--- START ---
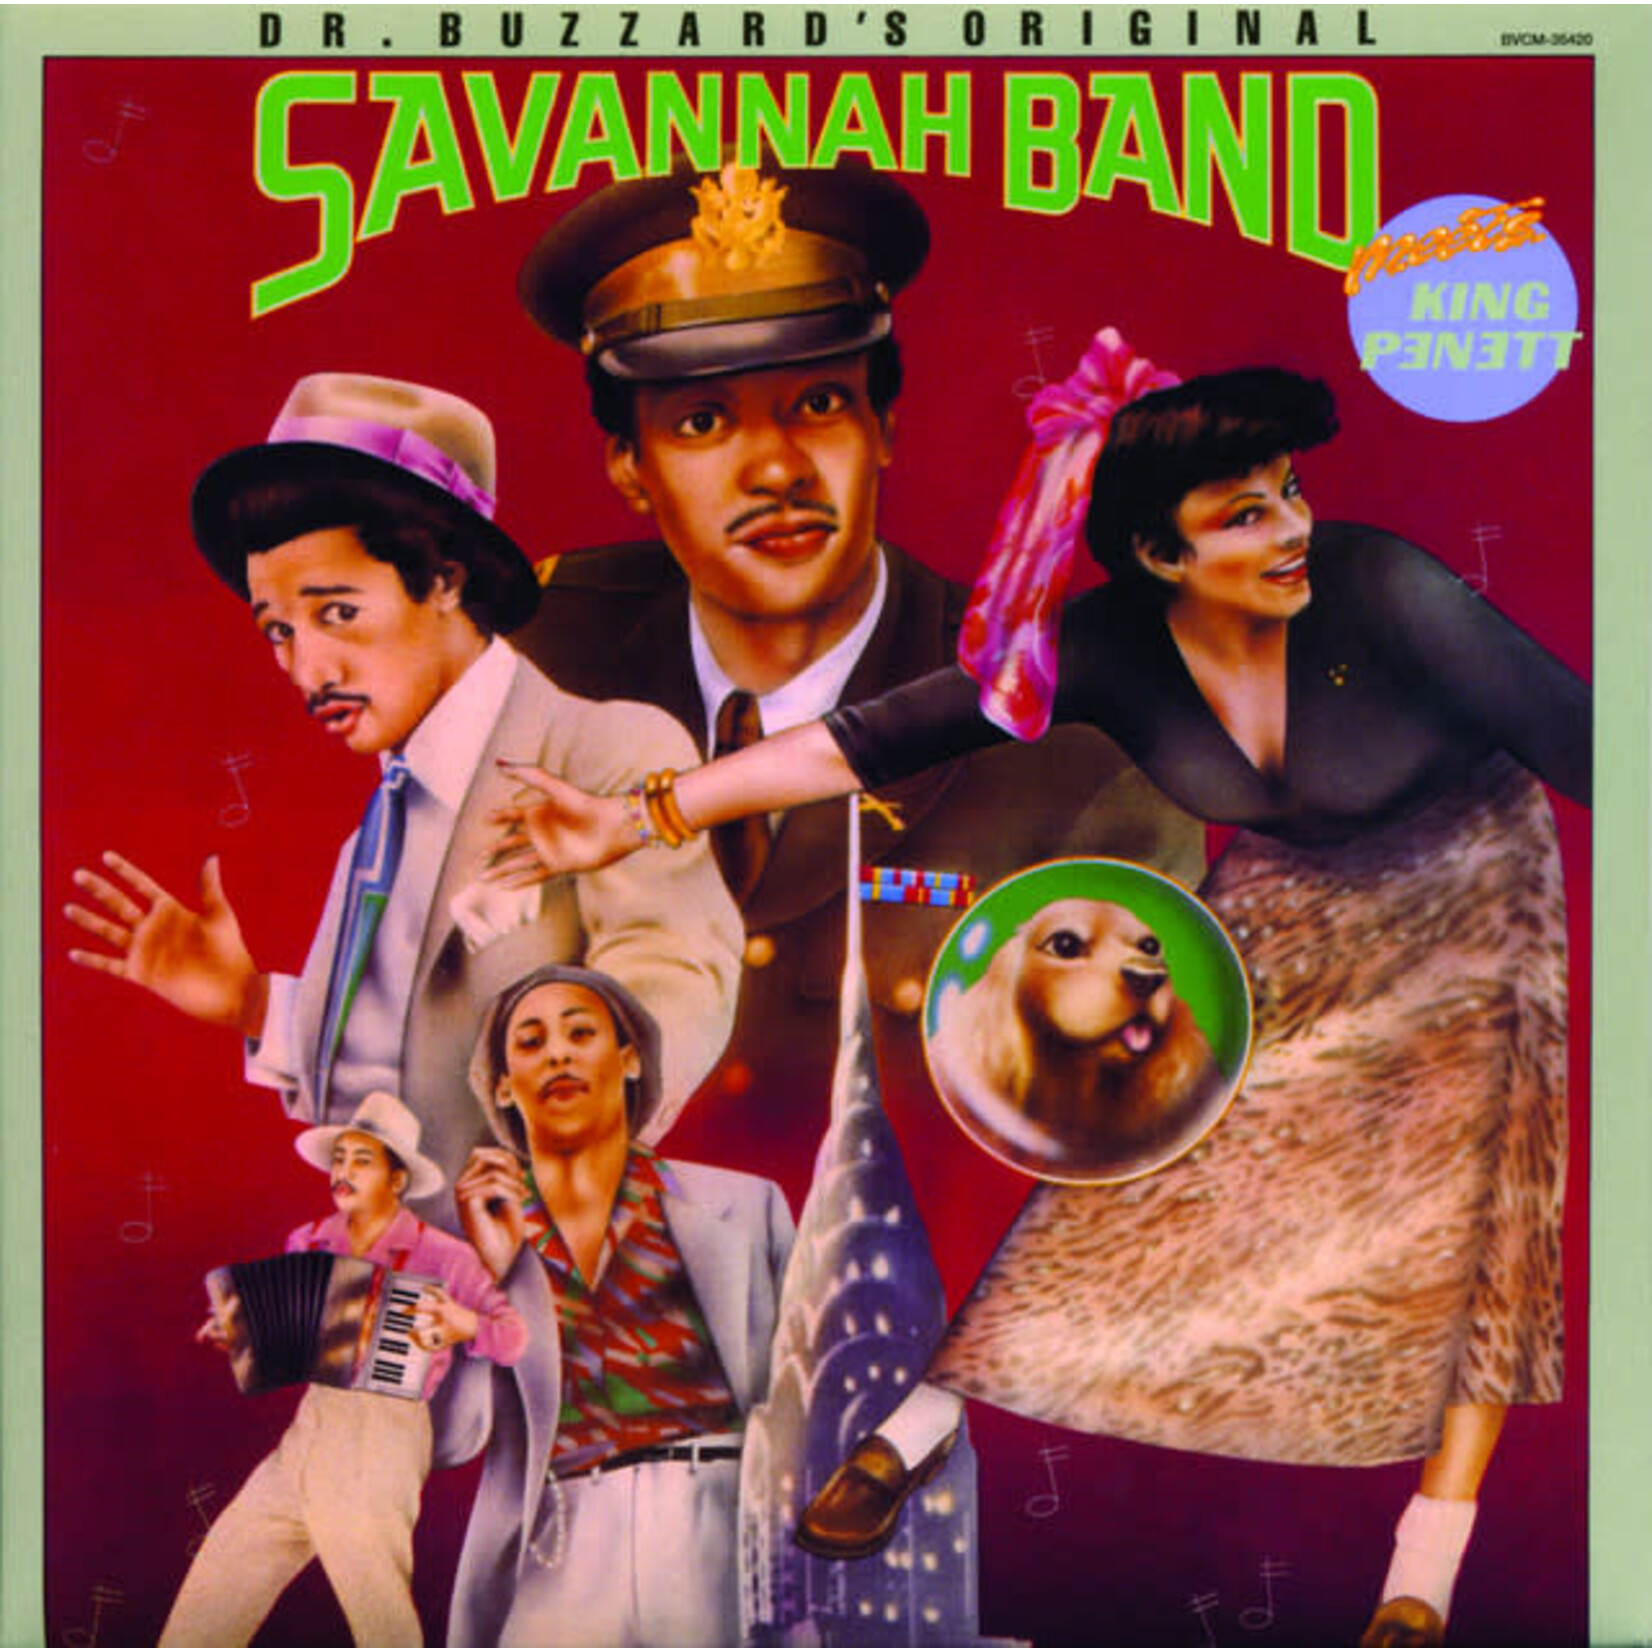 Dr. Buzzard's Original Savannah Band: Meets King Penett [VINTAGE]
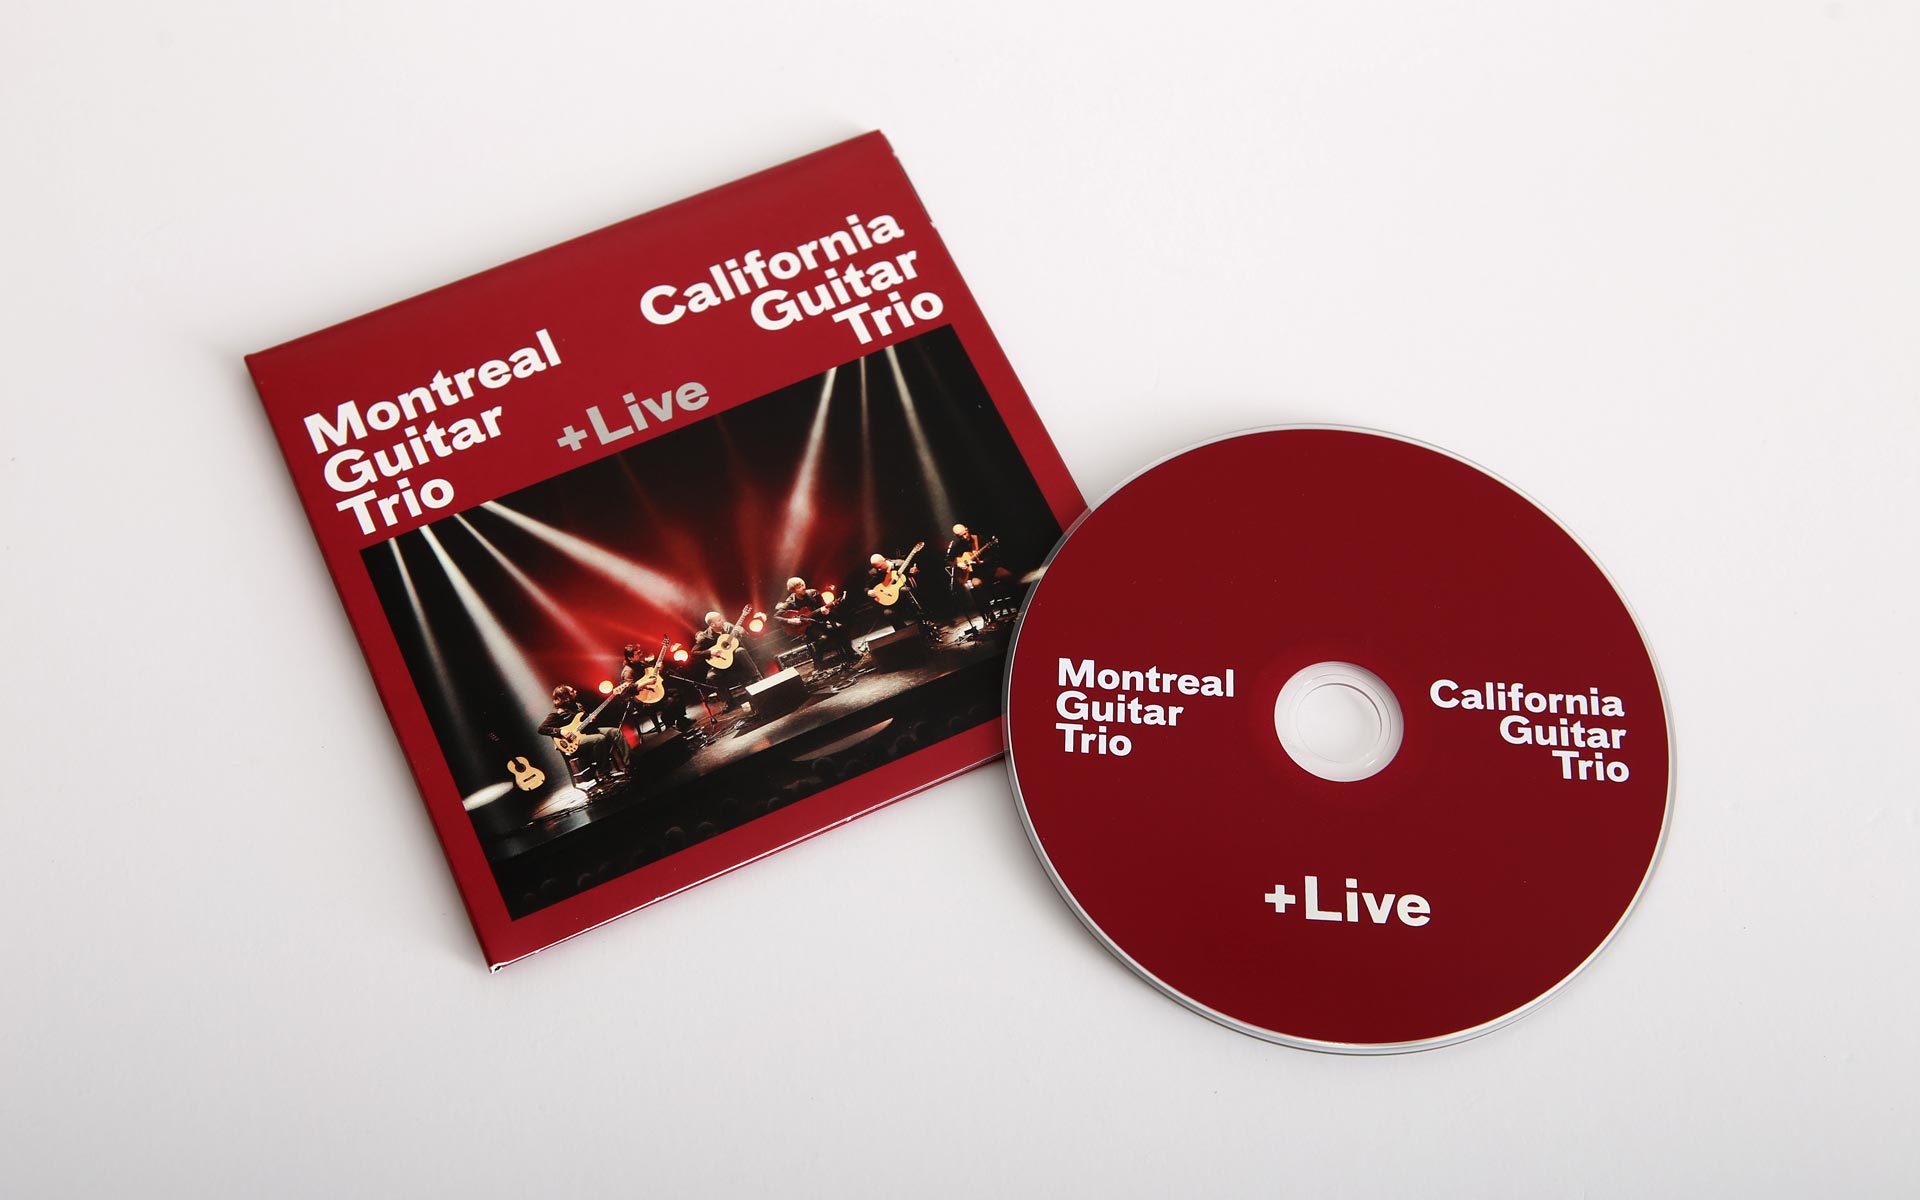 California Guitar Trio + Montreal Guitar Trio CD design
--- END ---
--- START ---
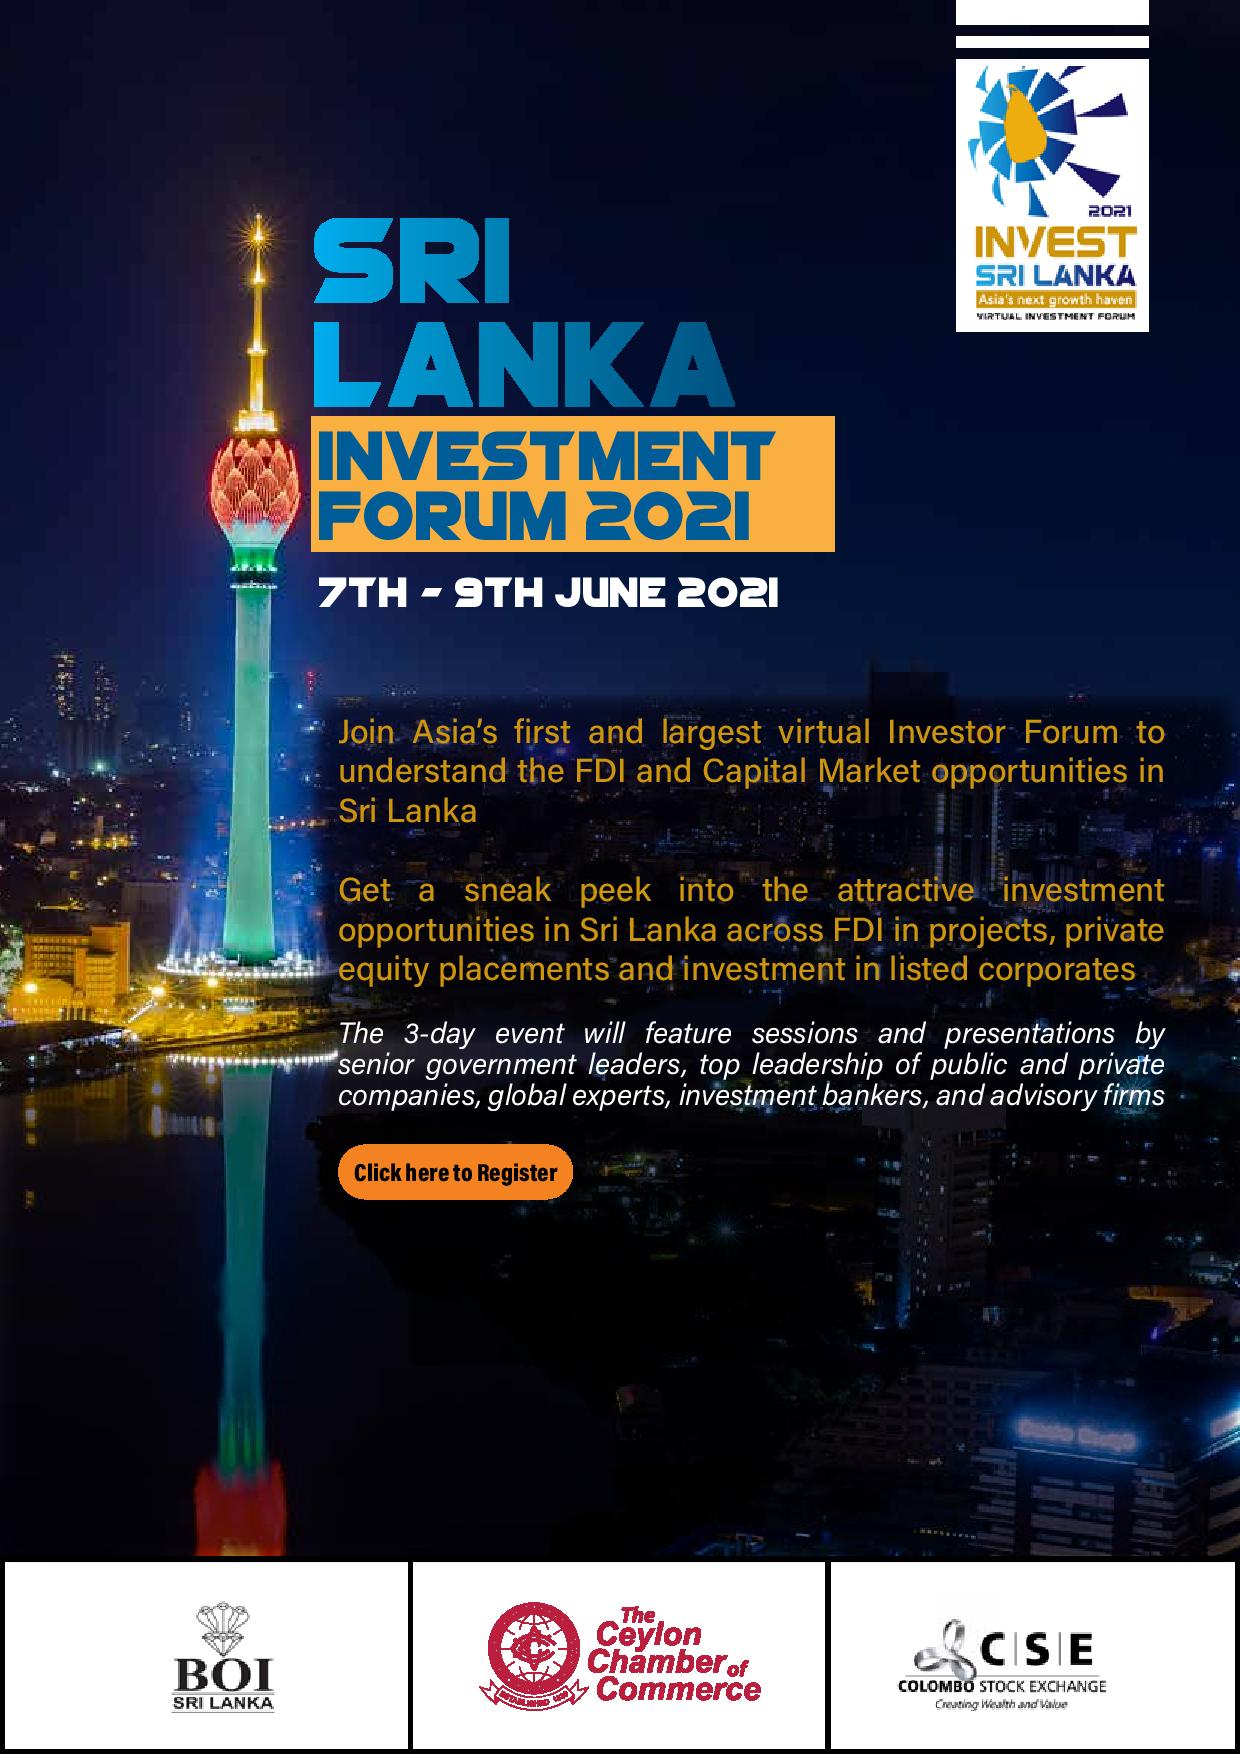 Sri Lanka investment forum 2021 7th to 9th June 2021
--- END ---
--- START ---
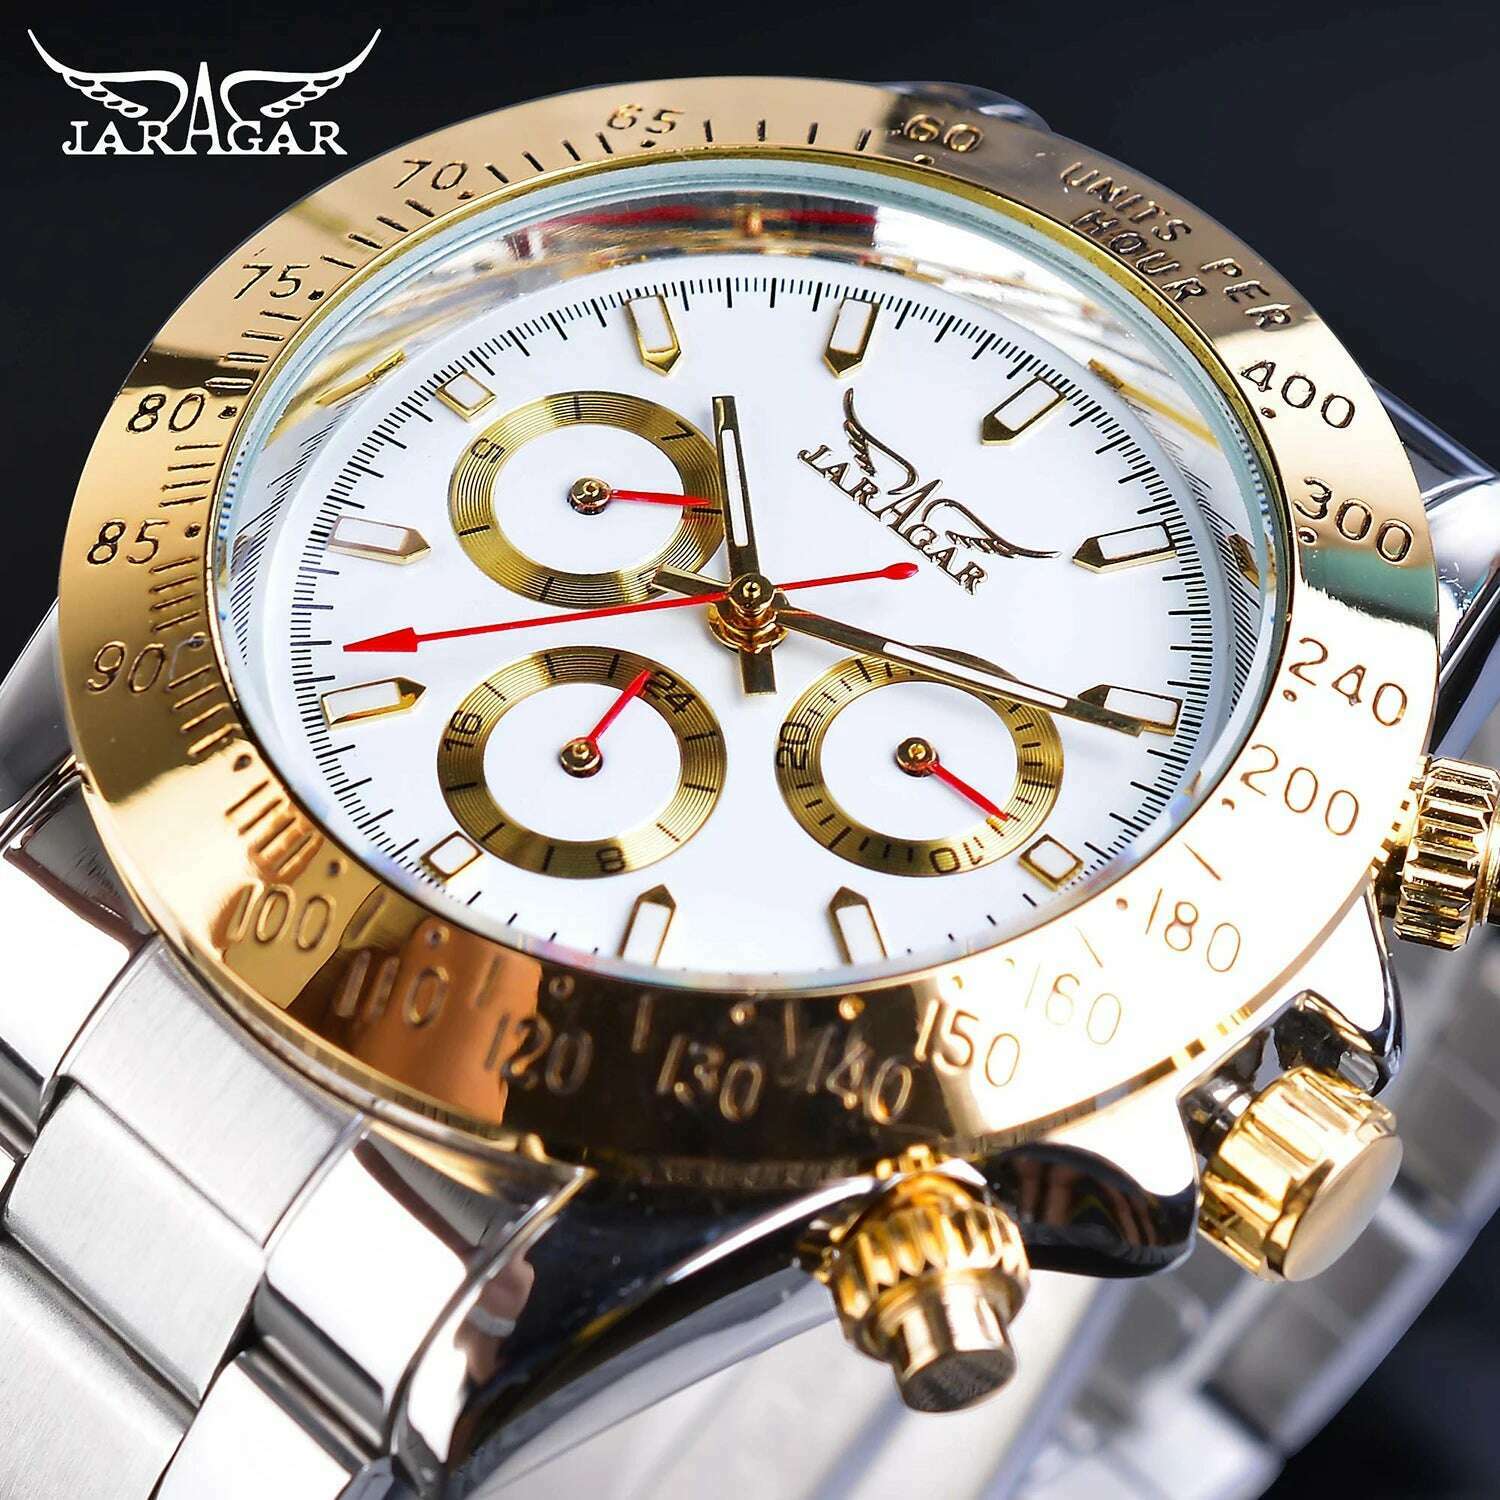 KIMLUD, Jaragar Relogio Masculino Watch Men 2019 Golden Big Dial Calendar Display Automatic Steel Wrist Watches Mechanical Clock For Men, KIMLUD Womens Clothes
--- END ---
Print, word for word, the lines above that run from the line containing "Dr. Buzzard's Original" to the line containing "California Guitar Trio", both included. Keep the pictures out.

→ ANSWER SECTION
 Dr. Buzzard's Original Savannah Band: Meets King Penett [VINTAGE]
 California Guitar Trio + Montreal Guitar Trio CD design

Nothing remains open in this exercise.